When Jesus said that we should love our neighbor He did not mean that we were to lavish waves of sentimentality upon one another. That is simply "unrealistic". By loving our neighbor Jesus meant respect for another human being...wishing them well and not evil...wishing them joy instead of sorrow...helping them instead of harming them.

The classic example which Jesus gave is found in Luke 10:29 in the story of the Good Samaritan. The Samaritan saw the need of the beaten and robbed man as an opportunity. The other two passers-by saw the battered man as an obligation which they willed to avoid, but the Samaritan who was hated by the Jews saw it as an opportunity to do good to the man.

We can learn three principles from this account:

The first principle is that God's will is not about obligations but about opportunities. Obligations see everything through a negative lens whereas opportunities see everything through a positive lens.

The second principle is that we do God's will . . . not because we have to do it, but because we want to do it. That is the heart of God.

The third principle is that doing God's will, will cost you something. The Good Samaritan paid a week's lodging for the man whom he didn't even know.

But, how is it possible to love someone that you absolutely dislike? This is where the battle of the will really comes into play. We know what God's Word tells us, and at the same time we don't want to do it. The key once again is that our prayer must be, "Lord, I am willing to be made willing." And with that we must give the Holy Spirit time to change our will.

Christianity is not about a God who wants us to obey Him reluctantly, fighting, and bucking every step of the way. In fact the New Testament tells us that this kind of reluctant obedience grew out of fear of punishment from the Old Testament. When Jesus came He showed us a new way by which God promises to work in us "both to will and do of His good pleasure." This means that God will bring about such a change in us that His plans and desires for us will be our delight.

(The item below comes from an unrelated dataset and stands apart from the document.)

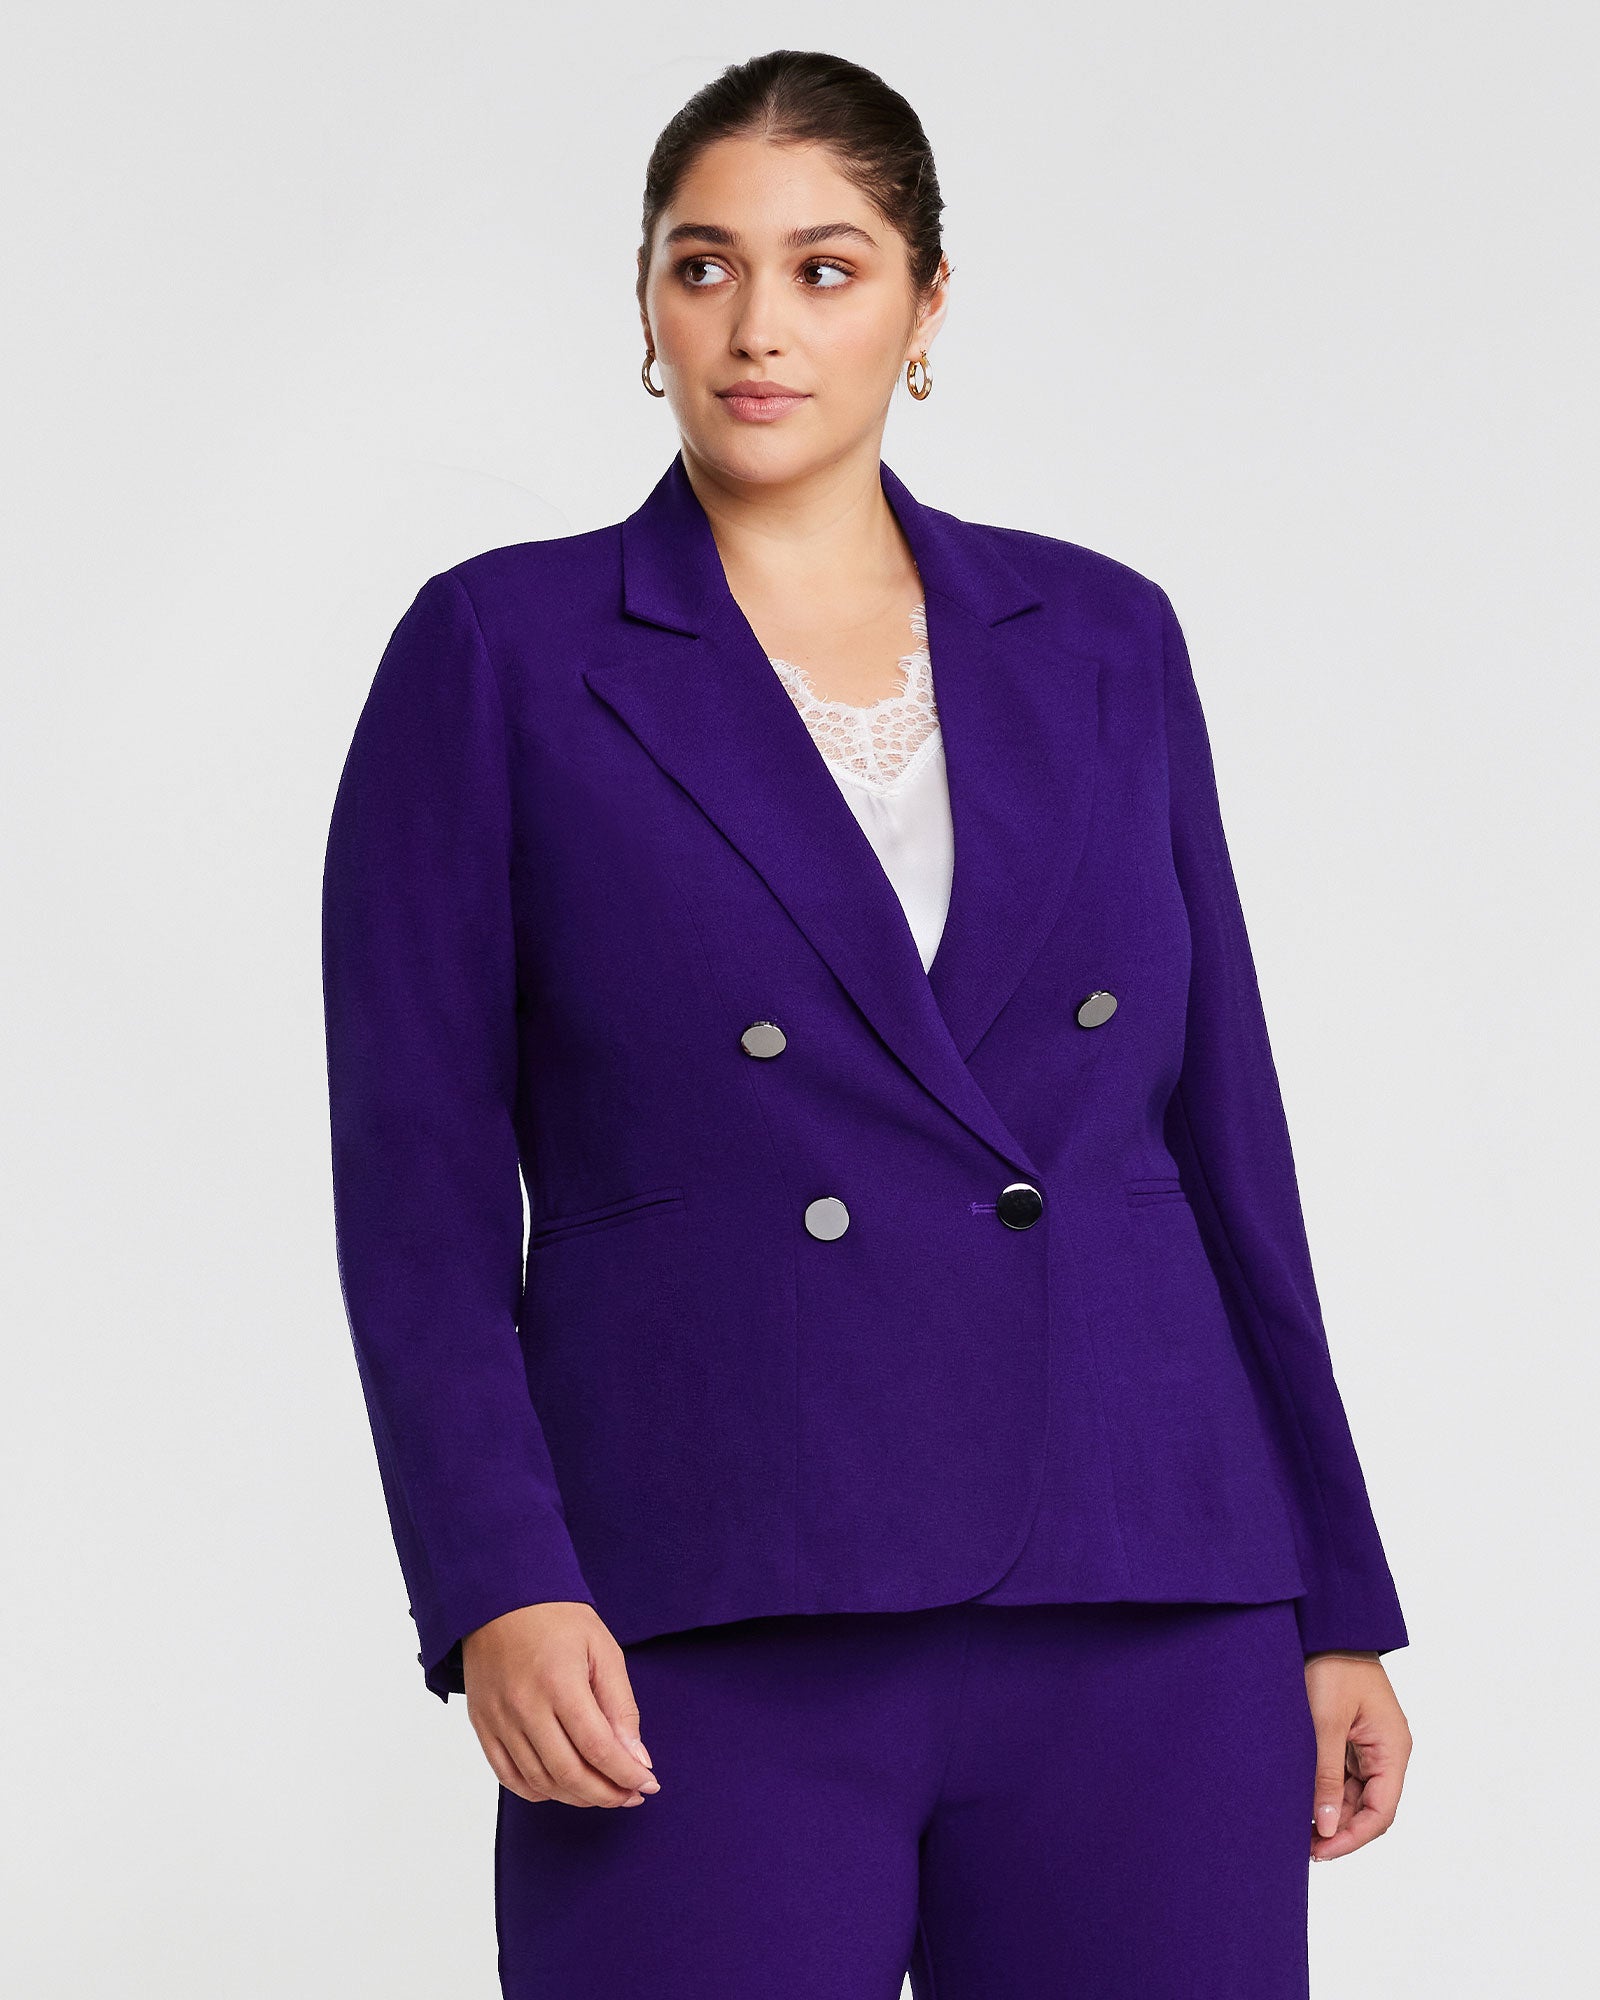 A woman wearing a Clever Blazer Jacket in Purple.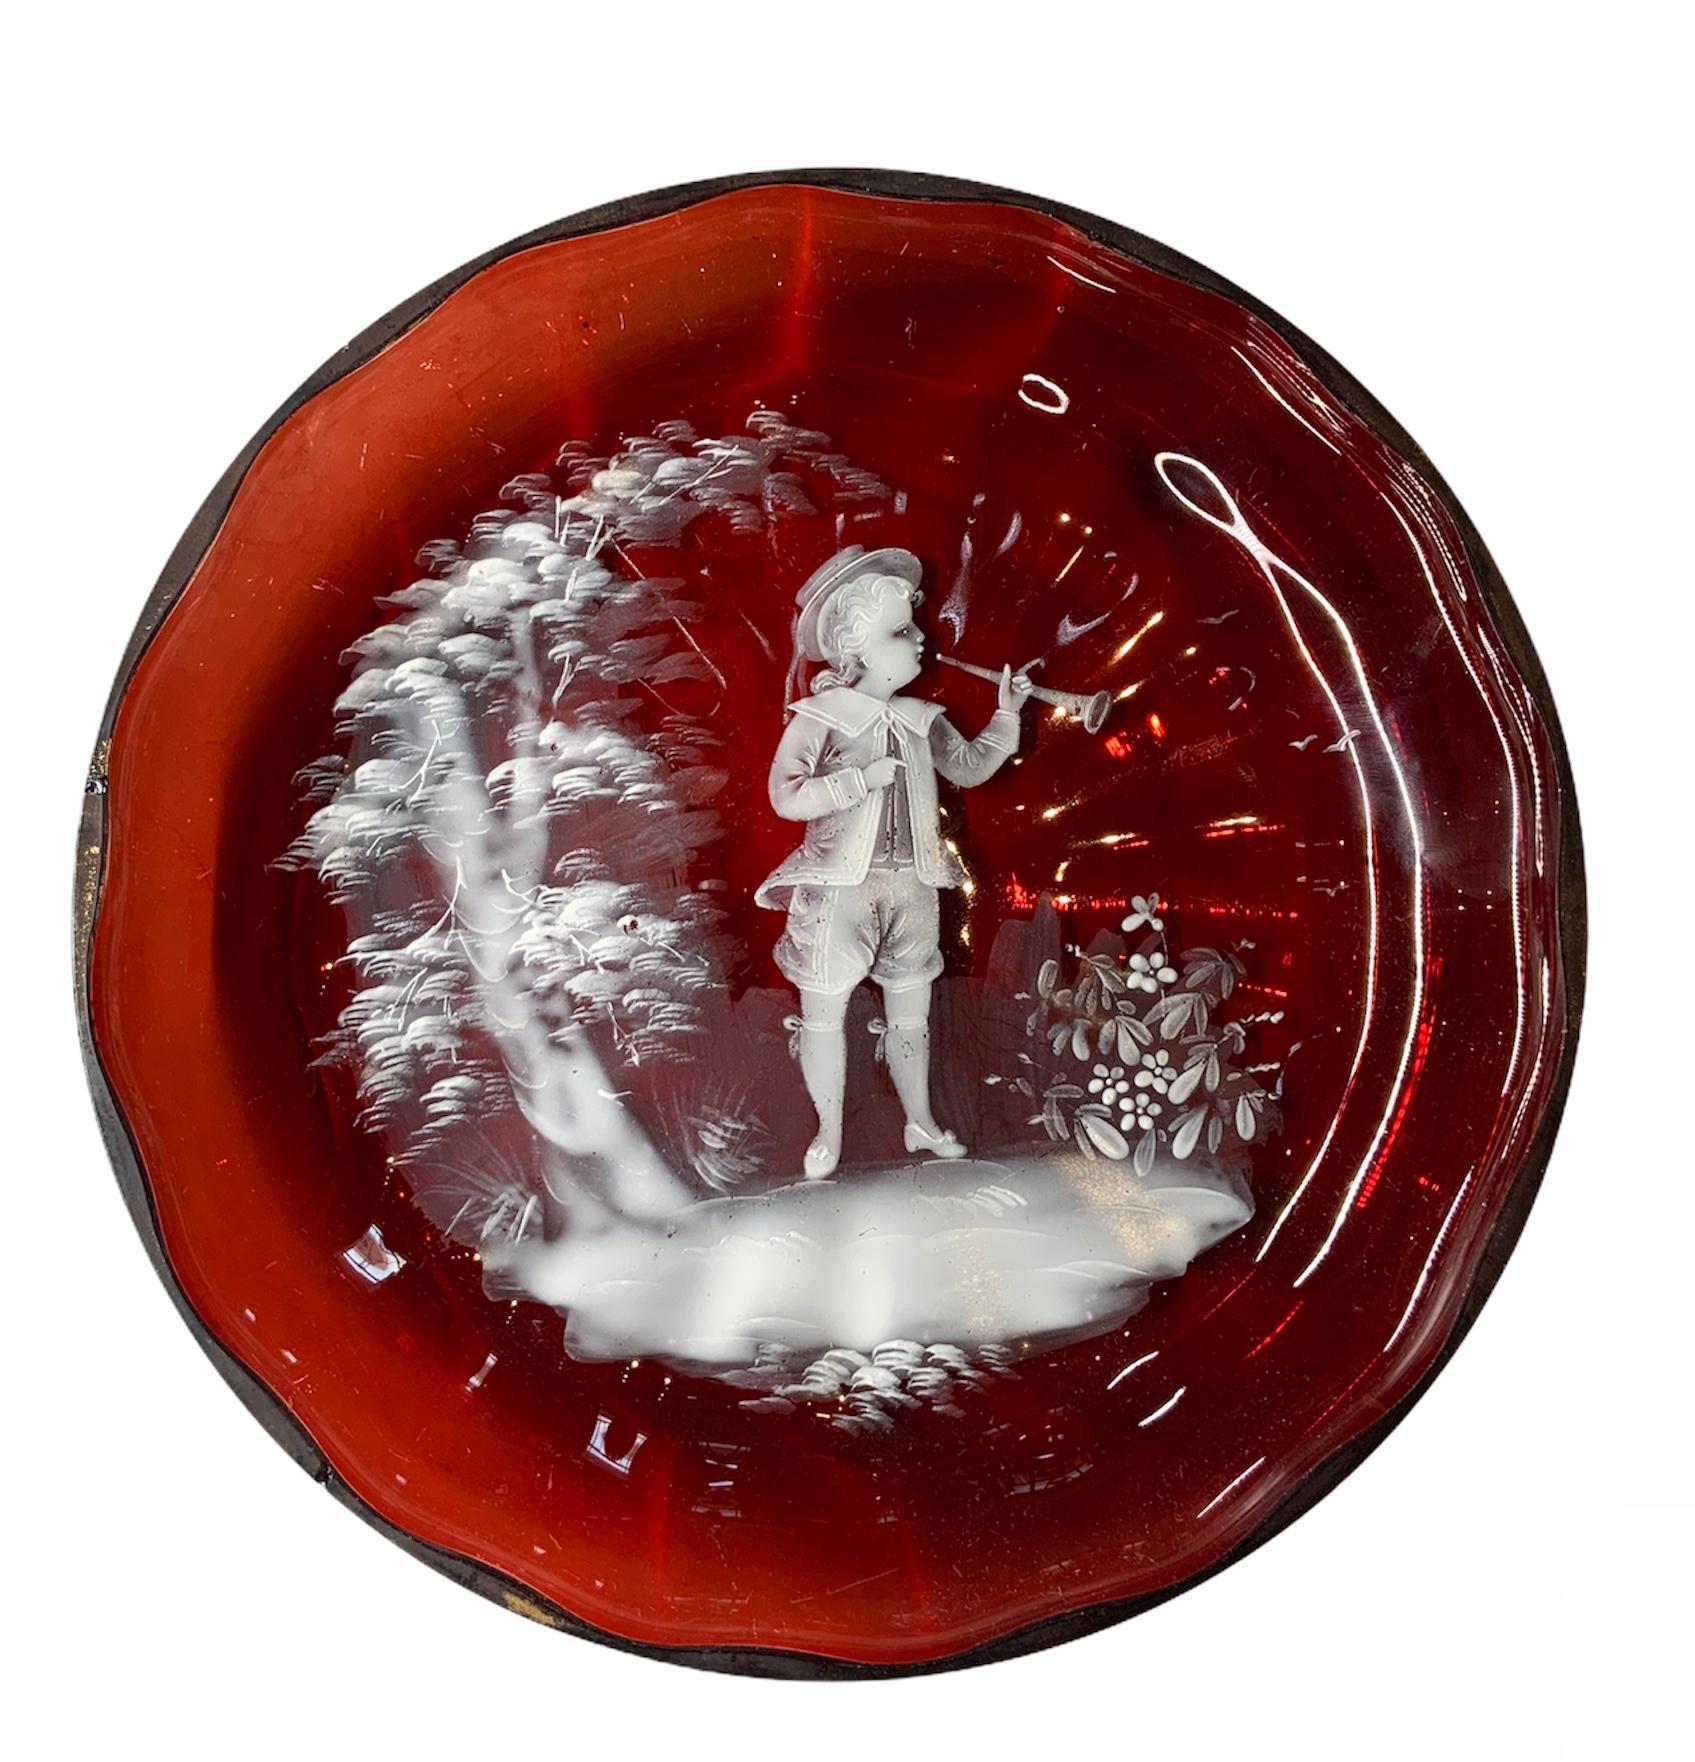 Ce verre émaillé rouge rubis et blanc de Mary Gregory présente une scène d'un garçon de l'ère victorienne jouant de la trompette dans un paysage orné d'un petit arbre et de quelques fleurs.

In closing, we once again want to remember the cross. Jesus could have avoided the cross, but instead He knelt to pray in the shadowy Garden of Gethsemane. Although he was fully human and divine, in His humanity He still had a free will. In His humanity He chose to do the will of His Father, and it was because of that prayer that God's power has been flowing from His cross ever since. It is at the cross where Jesus defeated death, hell and the grave, and for us today the cross still is our point of victory in whatever life throws at us. Whatever is stopping us from living a Christ-centered life, let's take it to the cross and "will" to leave it there, once and for all, and in doing so, God can release His blessings in our lives.